Agree with Mr. Peregrino and I am a competitive shooter more than a tactical shooter by far.

I have a Timney and Rock River two stage in two of my AR lowers. A Medisha two stage for a Pre-64 Winchster Match Rifle and a Anschutz two stage in my Tubb 2000.

If the desire is to use said AR for pleasure or competitive shooting -- by all means buy a two stage if you desire. Note that you will serve yourself well by checking its adjustments about every 1000 rounds or some set screw will loosen up and you will have problems.

The two stage jobs always have three or four set screws. When one of them loosens up or is adjusted, you will need to reset all the others. About ten or twenty minutes time and then test fire the rifle before depending on it.

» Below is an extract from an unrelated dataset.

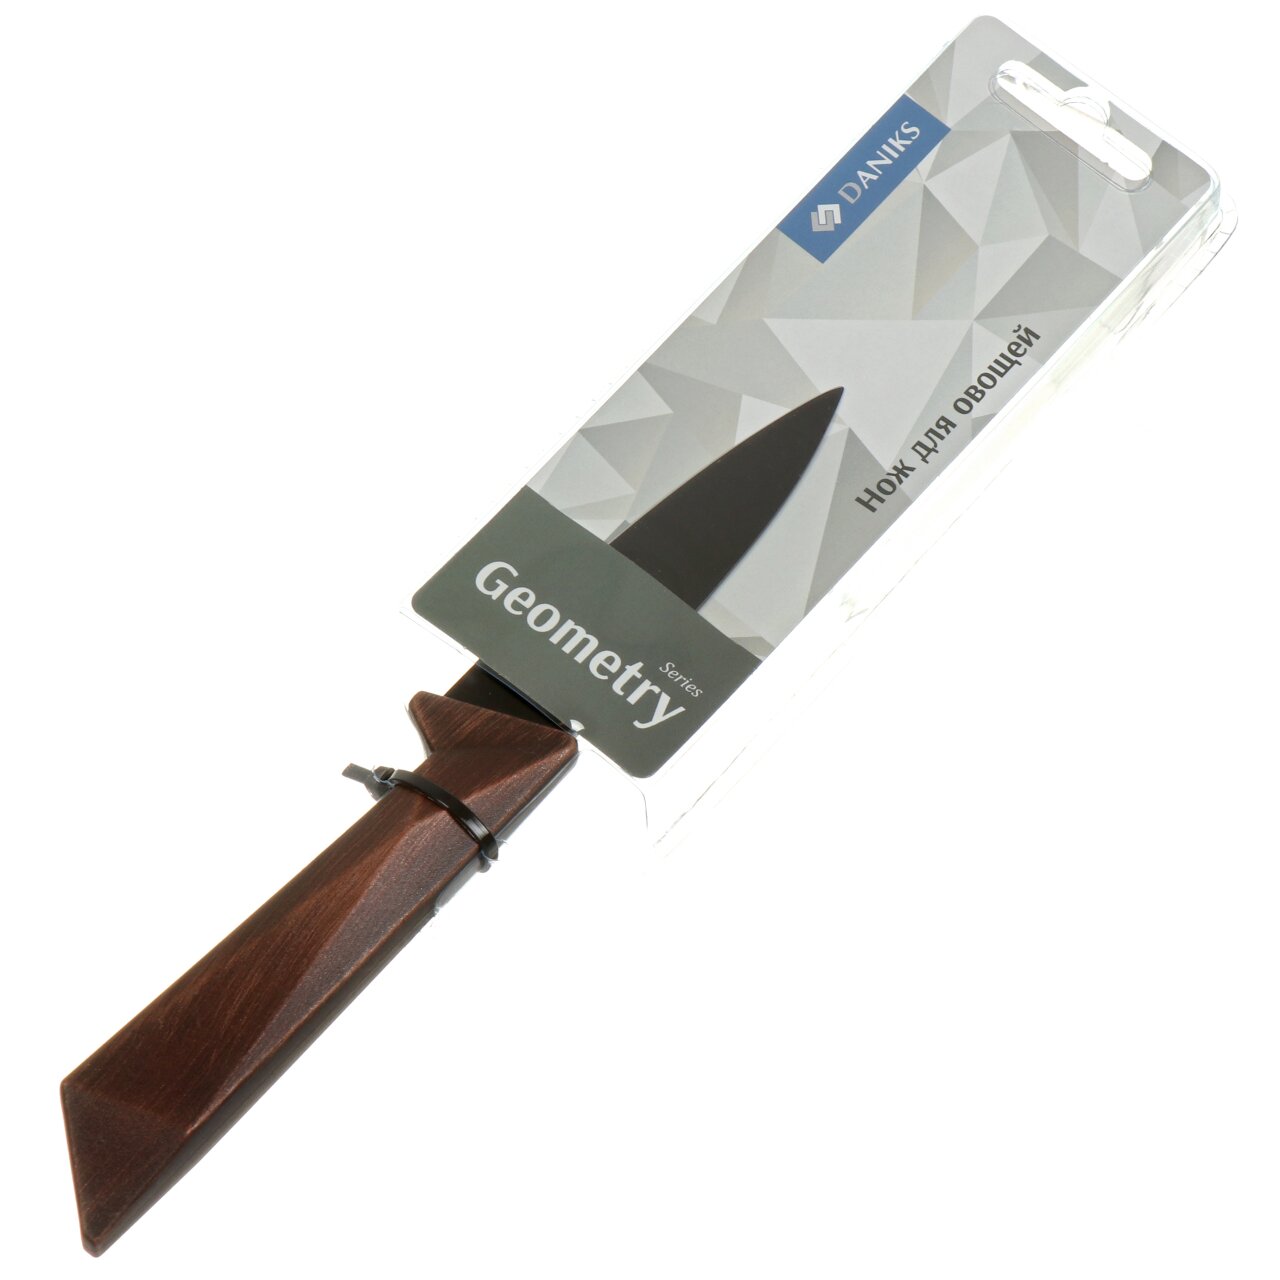 Нож кухонный Daniks, Геометрия, для овощей, нержавеющая сталь, 9 см, рукоятка пластик, JA20200944-5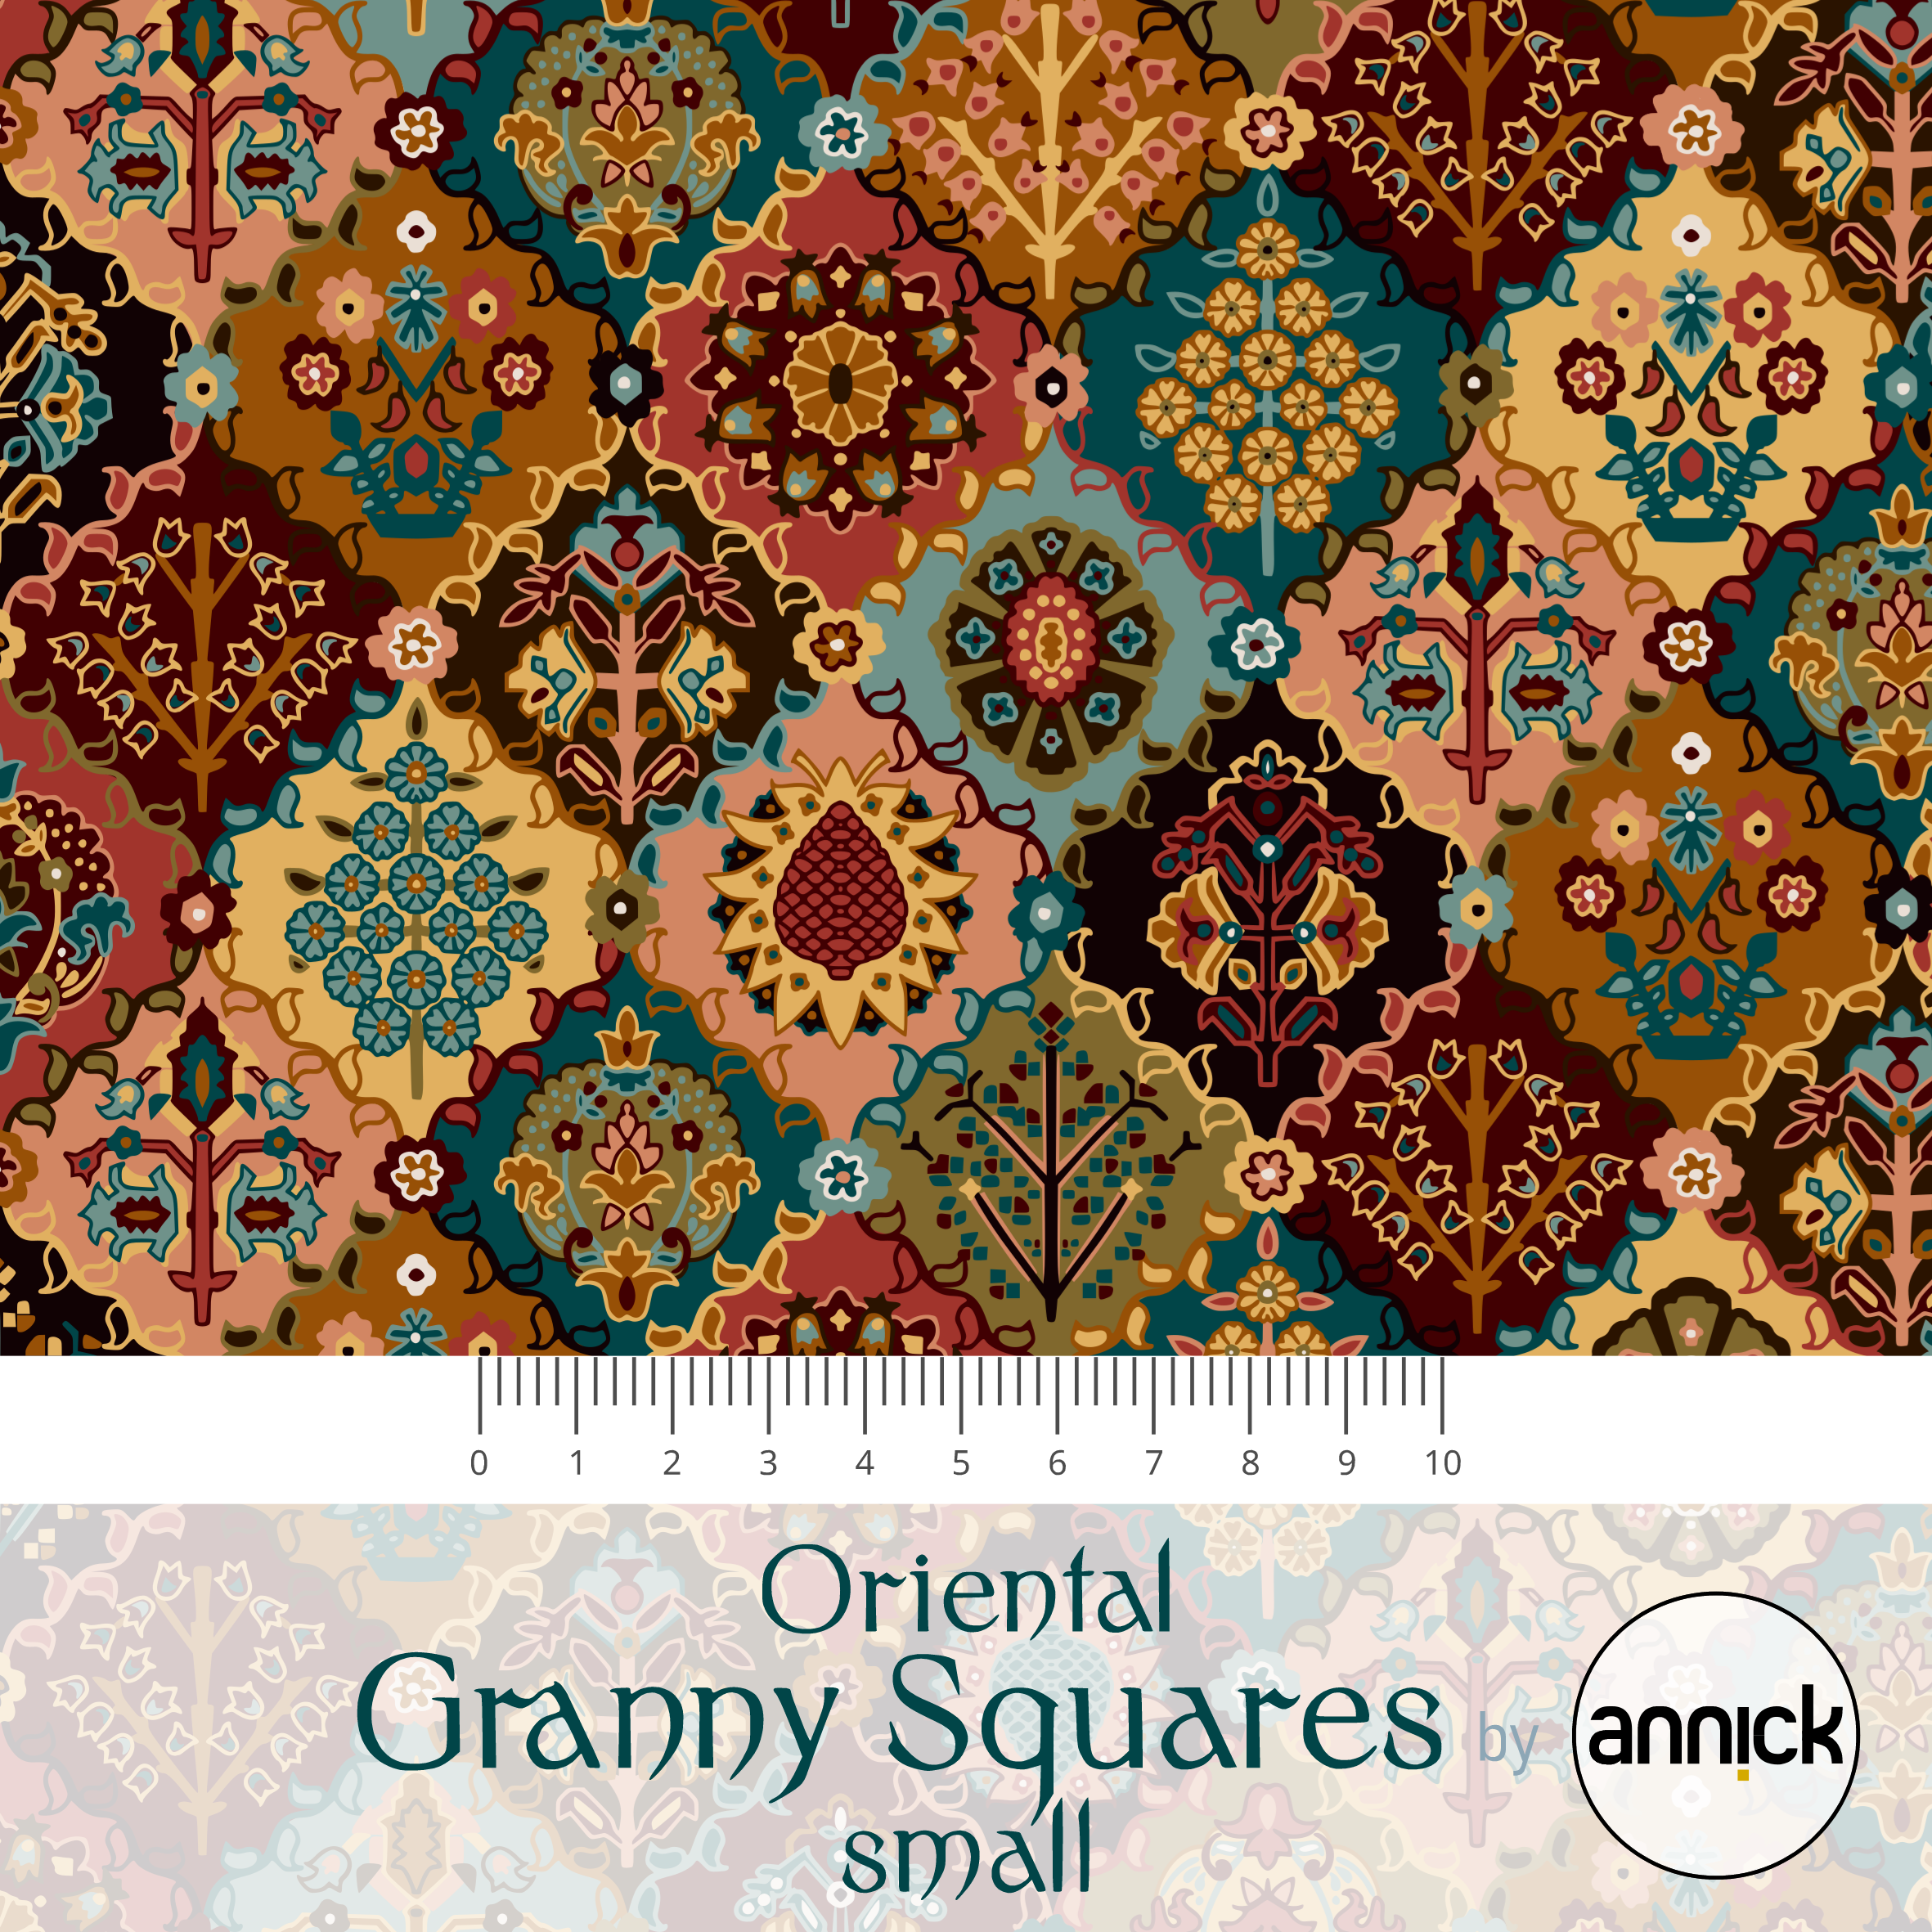 Oriental Granny Squares Small

The only one I have not had problems with is the Anschutz for my Tubb. Must have ten thousand rounds out of the reciever without one iota of a problem. Unfortunately, that particular trigger will probably cost more than most AR's.

If your life depends on it -- get a quality single stage and have a quality gunsmith fit it to your rifle and smooth it out some. I hesitate to trust MILSPEC trigger parts because most aren't, yet do replicate the horrible trigger pulls found on the current M-16A2 or M-4.

There is nothing wrong with a two stage trigger though. I have shot many thousands of rounds from service and match grade M-1s and M-14s and they were issued with two stage triggers.

I got fixed in my ways due to the M-14 two stage trigger so I tend to keep with two stage triggers. If one is fixed in his ways with a single stage trigger --he will probably have problems with a two stage trigger. However, if one learned with a two stage -- it is easier for him to deal with a single stage. You remember it is single stage when you try to take up a non-existant first stage and normally have a good pull as a result.

Am I happy with the two stage jobs on my AR's? Sure am. Do I also check their tuning regularly? Sure do. Would I trust them if my life depended on it? Yes but only because I continually ensure they are set properly and that they function.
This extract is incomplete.